Michael Levitis, the owner of a New York debt settlement company, was sentenced to nine years in prison Wednesday after pleading guilty in a fraud scheme that law enforcement officials said victimized 1,200 people with false promises of relief from credit card companies and banks.

Mission Settlement Agency committed crimes that resulted in damaged credit reports, foreclosure and sometimes bankruptcy for clients, U.S. District Judge Paul Gardephe said at a hearing in Manhattan.

Judge Gardephe also ordered Levitis, 38, to pay $2.2 million in restitution jointly with Mission Settlement, which while out of business previously was ordered to pay a $4.39 million fine.

The prosecution stemmed from the first criminal case to come from a Consumer Financial Protection Bureau referral.

Prosecutors argued that Mission Settlement - from 2009 to 2013 - touted its ability to help customers reduce their credit card and other consumer debt.

Levitis and his employees were arrested in May 2013 and charged with mail fraud, wire fraud and conspiracy in what prosecutors at the time called a four-year criminal scheme that bilked customers of money funneled to pay expenses at a nightclub, luxury car leases and credit card bills.
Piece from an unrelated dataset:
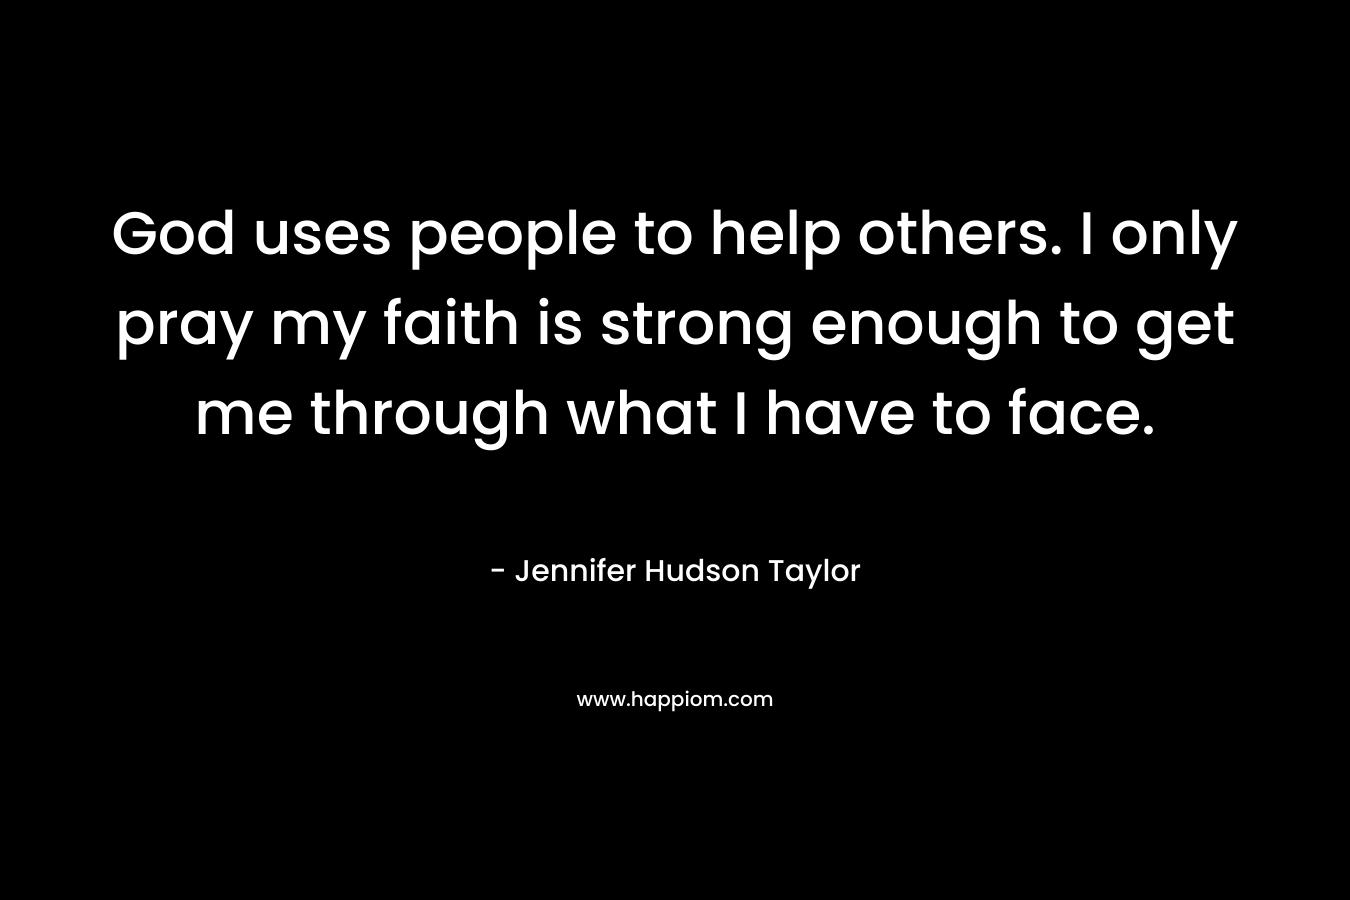 God uses people to help others. I only pray my faith is strong enough to get me through what I have to face.

Levitis pleaded guilty in April.

Mission Settlement's scheme took in nearly $2.2 million in fees from consumers nationwide, without paying anything to creditors, prosecutors said.

Five other Mission employees have pleaded guilty and await sentencing.

In a separate case, Levitis was sentenced in 2011 to three years of probation and fined $15,000 for lying to federal agents during an investigation into former New York State Senator Carl Kruger, who pleaded guilty to corruption charges in 2011.

Levitis at his latest sentencing said he apologized to his customers for his "terrible crimes."

"I promise I will work the rest of my life to repay you," he said.

Manhattan U.S. Attorney Preet Bharara said his office is looking to build more cases in the consumer debt arena. On Tuesday, he announced another prosecution stemming from a CFPB referral involving Georgia debt collection firm Williams Scott & Associates LLC.